What to produce
All the data should be repeated exactly. Any image in it is left out.

Data segment
++++

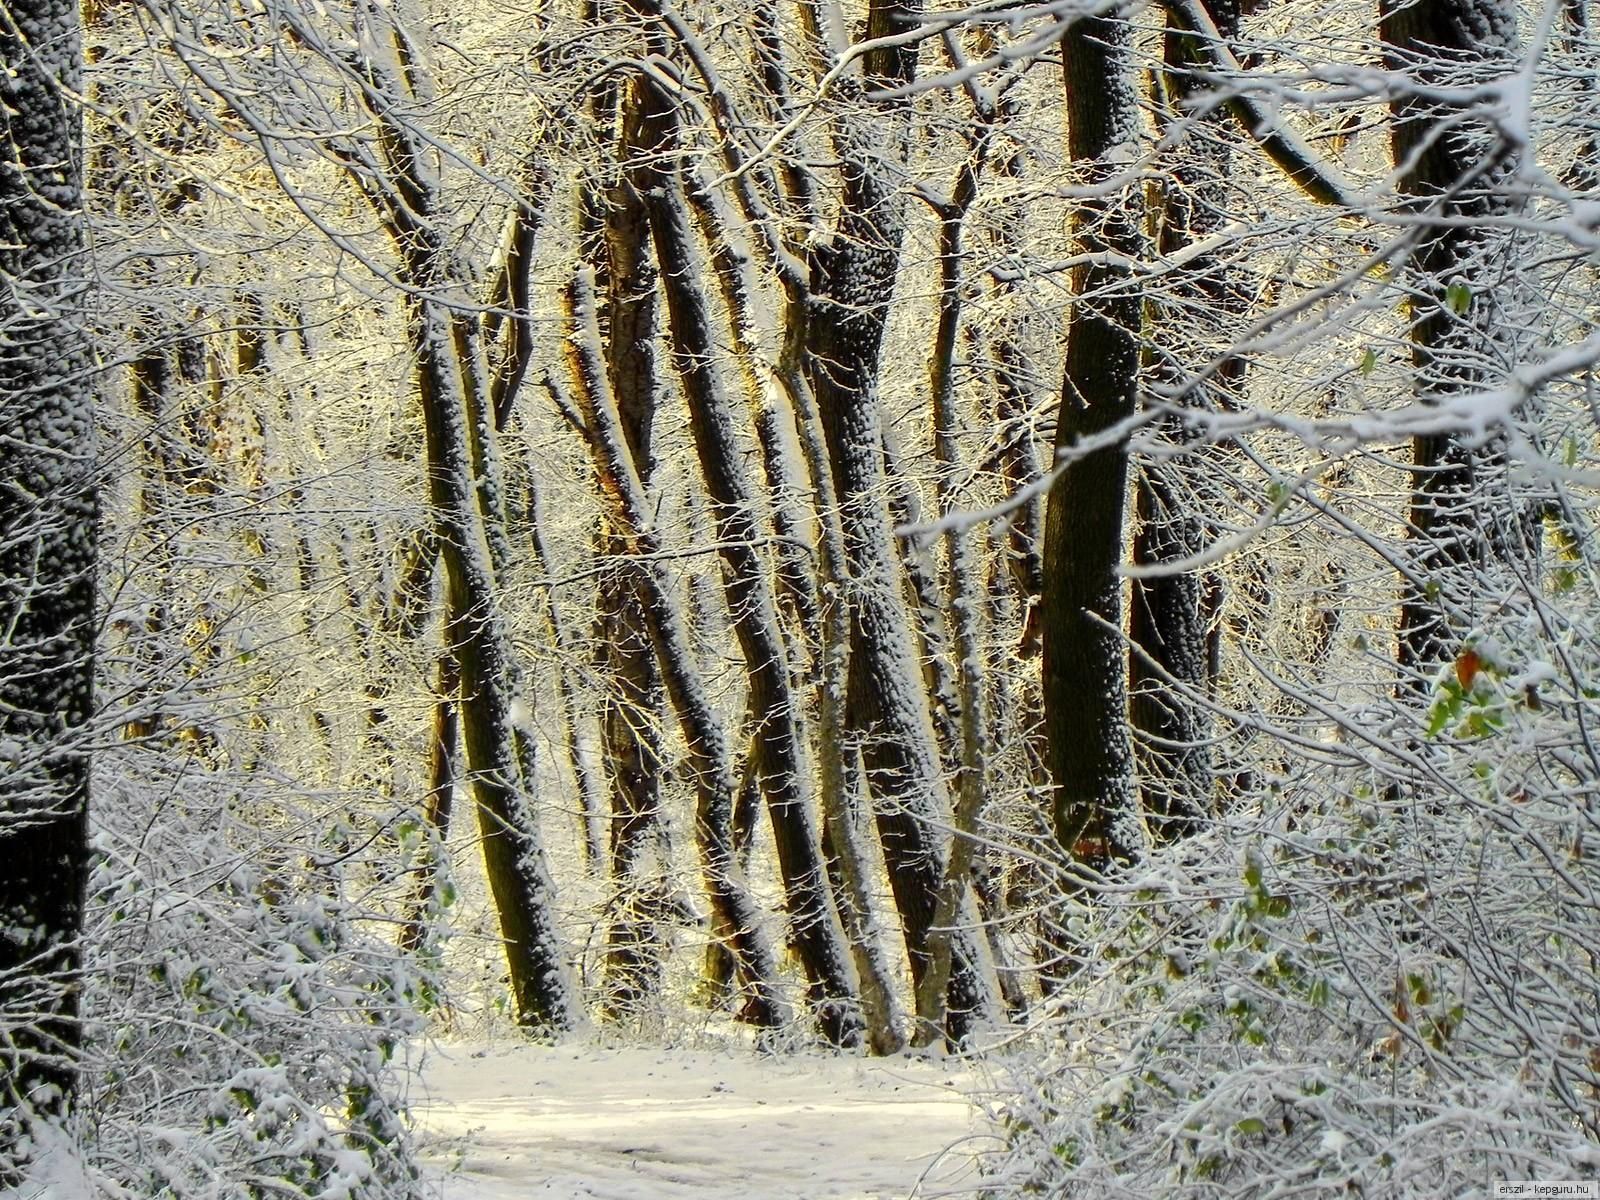 Wallpaper ไหนว่าปีนี้จะหนาวสุดในรอบ 30 ปี 50 Pic 229209-svetik
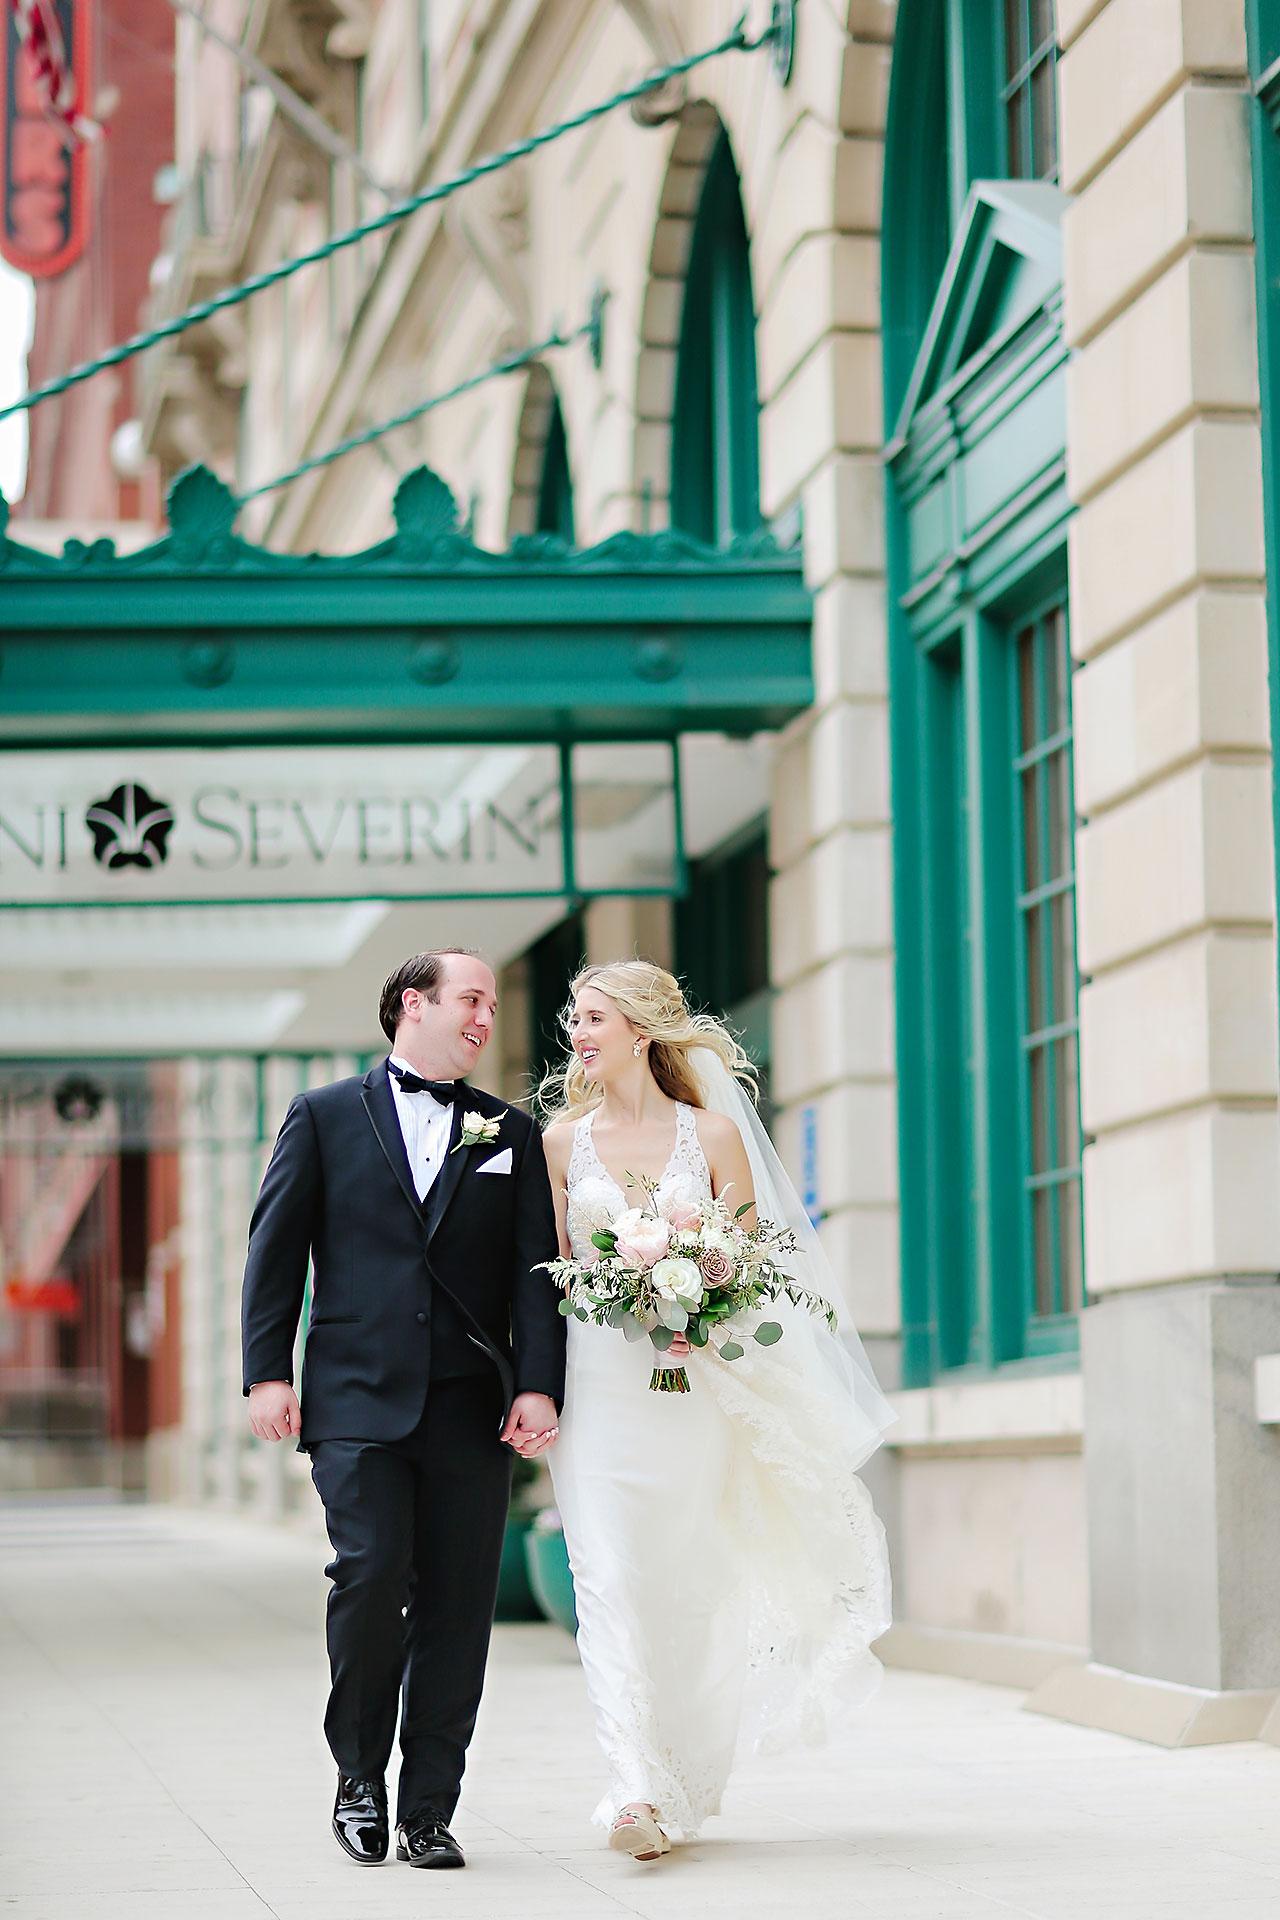 Allison Jeff Union Station Crowne Plaza Indianapolis wedding 069
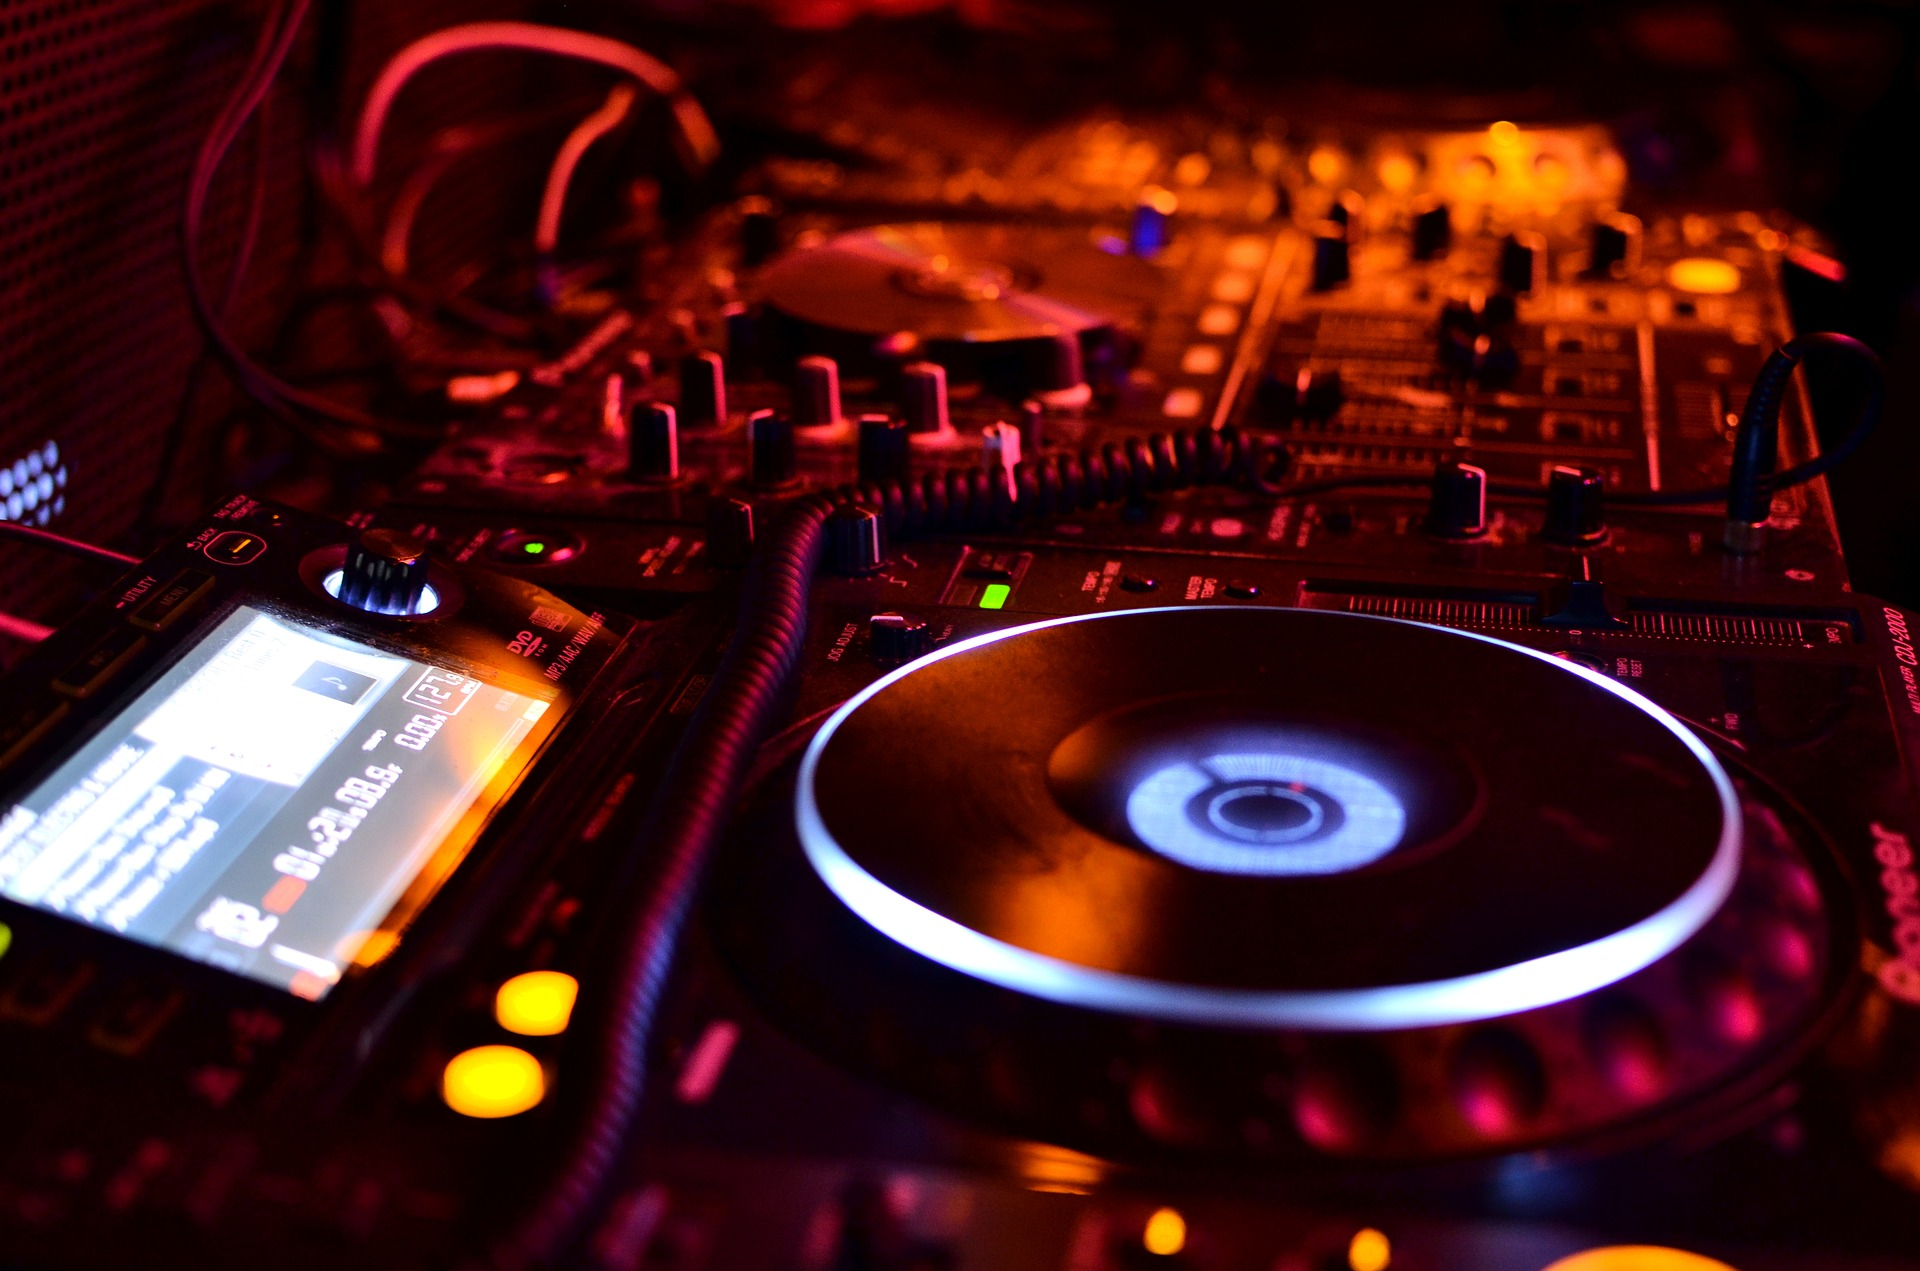 6 x Sponsored Tweets From A Top UK DJ

++++

Your solution
 Wallpaper ไหนว่าปีนี้จะหนาวสุดในรอบ 30 ปี 50 Pic 229209-svetik
 Allison Jeff Union Station Crowne Plaza Indianapolis wedding 069
 6 x Sponsored Tweets From A Top UK DJ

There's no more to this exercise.